— Они? — Она подумала. — Вы понимаете, иногда я знаю! знаю, что на голову выше их, а иногда… так кажусь себе жалкой уродкой! Учитель говорит: «Все ваши томления оттого, что вы, Вера Анатольевна, талантливее самой себя». Не понимаю! — Она подумала. — Чьи это вы стихи читали?

— Гумилева.

— Вот видите, и у него было то же. Но он хоть сумел выразить это, а я… Вот (она назвала фамилию одного народного) говорил мне о горенье, о детонации личности на сцене, а потом пригласил меня в «Прагу» да и спрашивает… — Она замолчала. — Горенье? Так я ли не горю?

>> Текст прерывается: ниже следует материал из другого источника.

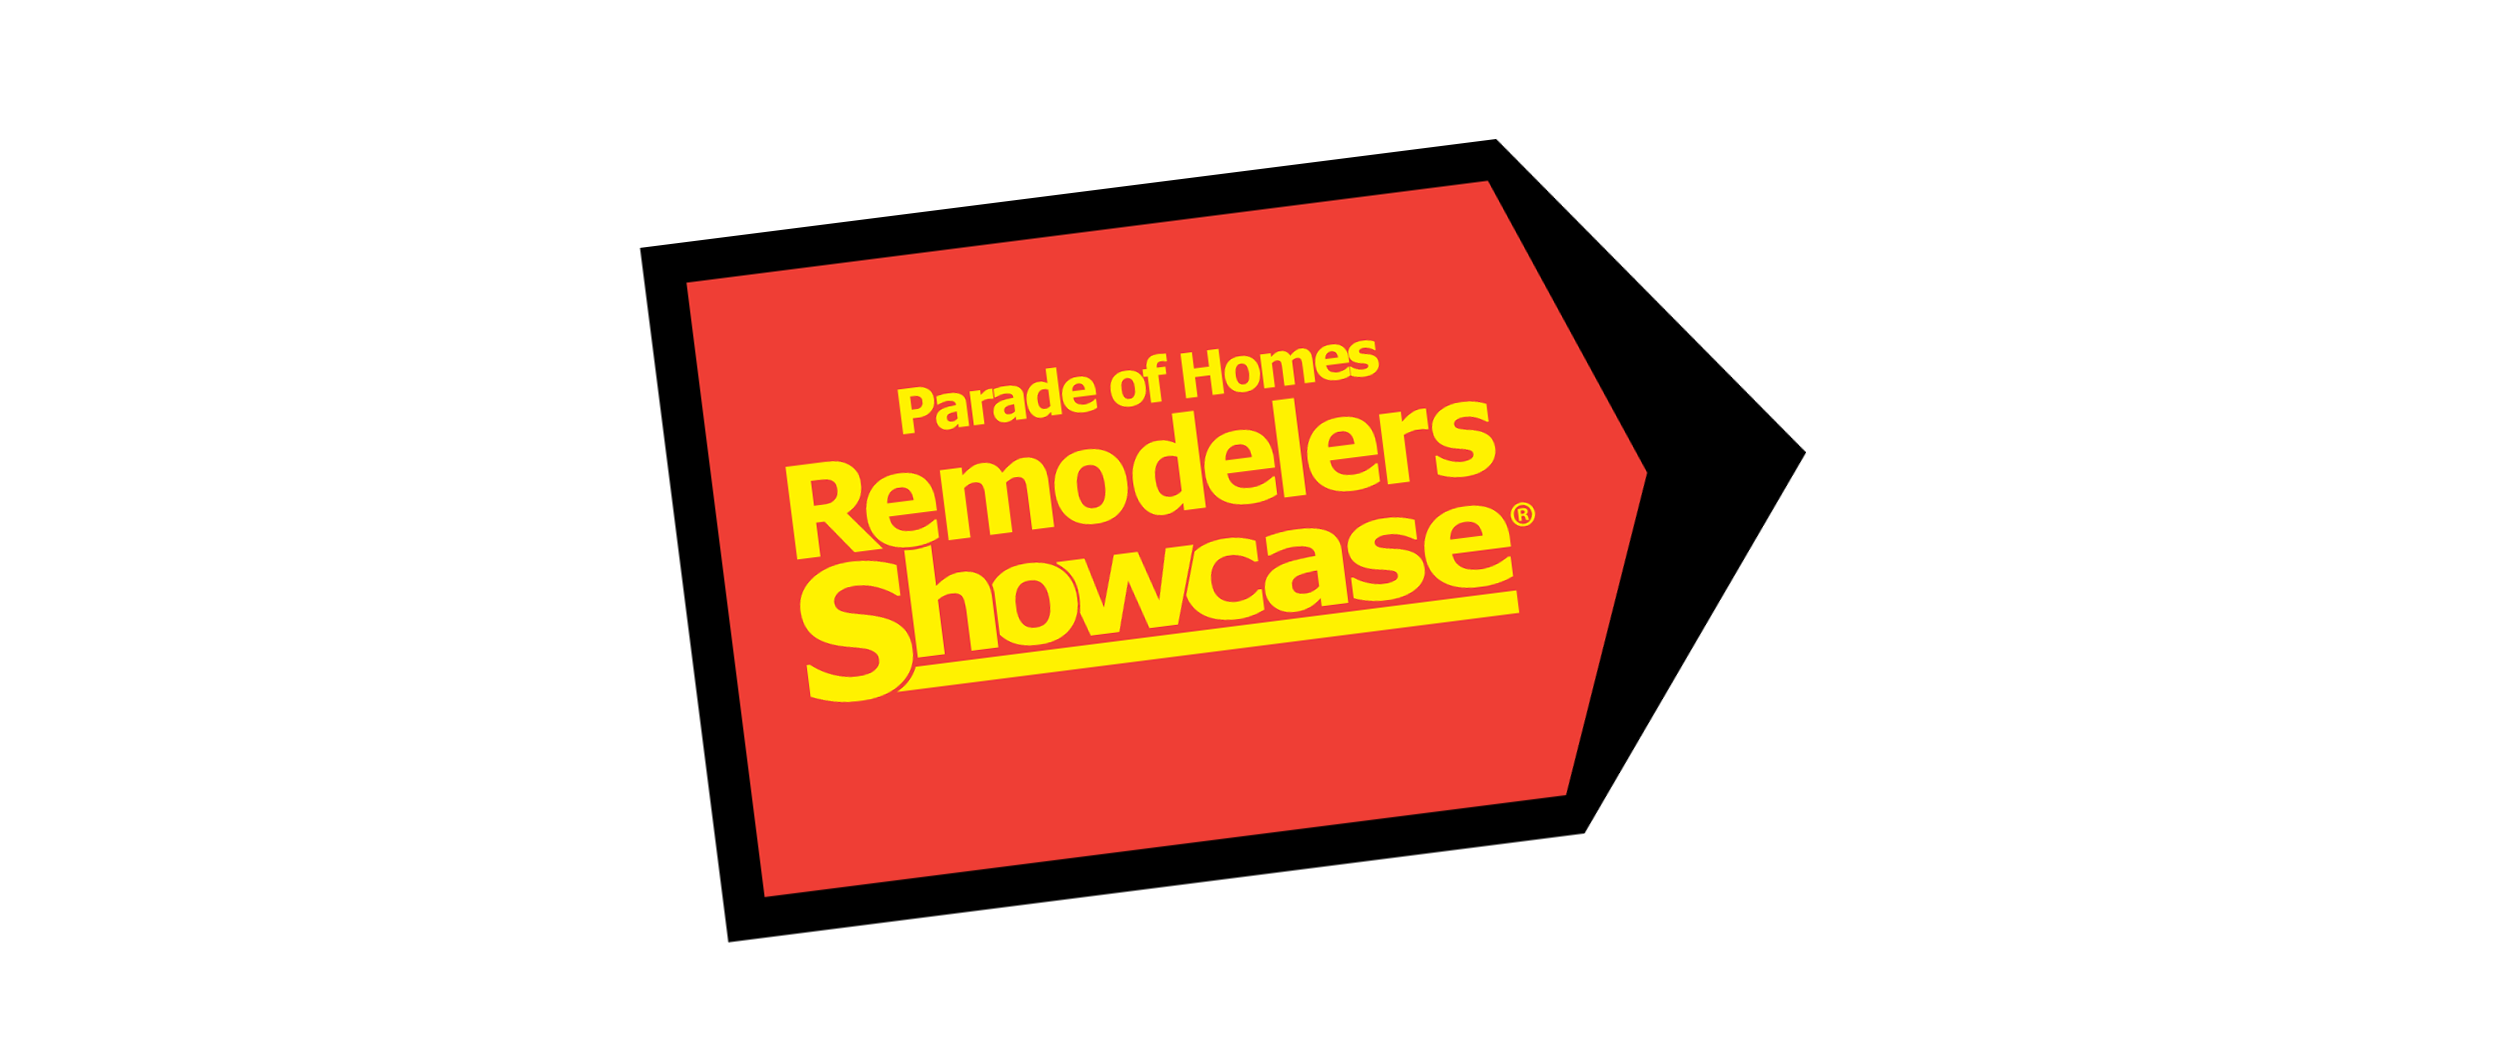 Image for Fall Remodelers Showcase Opens 34 Remodeled Homes to Tour Sept. 30-Oct. 2

— А может быть, вам это и мешает?

Глаза у нее расширились:

— Как же это?

— Так. Не руками восторженных создается искусство! Оно еще любит меру и число. А что может создать восторженный?

Она молчала и смотрела на меня.

— Вот вы восхищаетесь вашим народным, а что в нем может гореть? Он уже отгорел и выгорел. Он пепел.

— Ну, не надо так о нем, — попросила она. — Но вы сказали очень интересную вещь. Да-да! Сгореть дотла, — и схватила меня за руку. — Хорошо! Вот этой зимой я должна была… — и вдруг замолчала.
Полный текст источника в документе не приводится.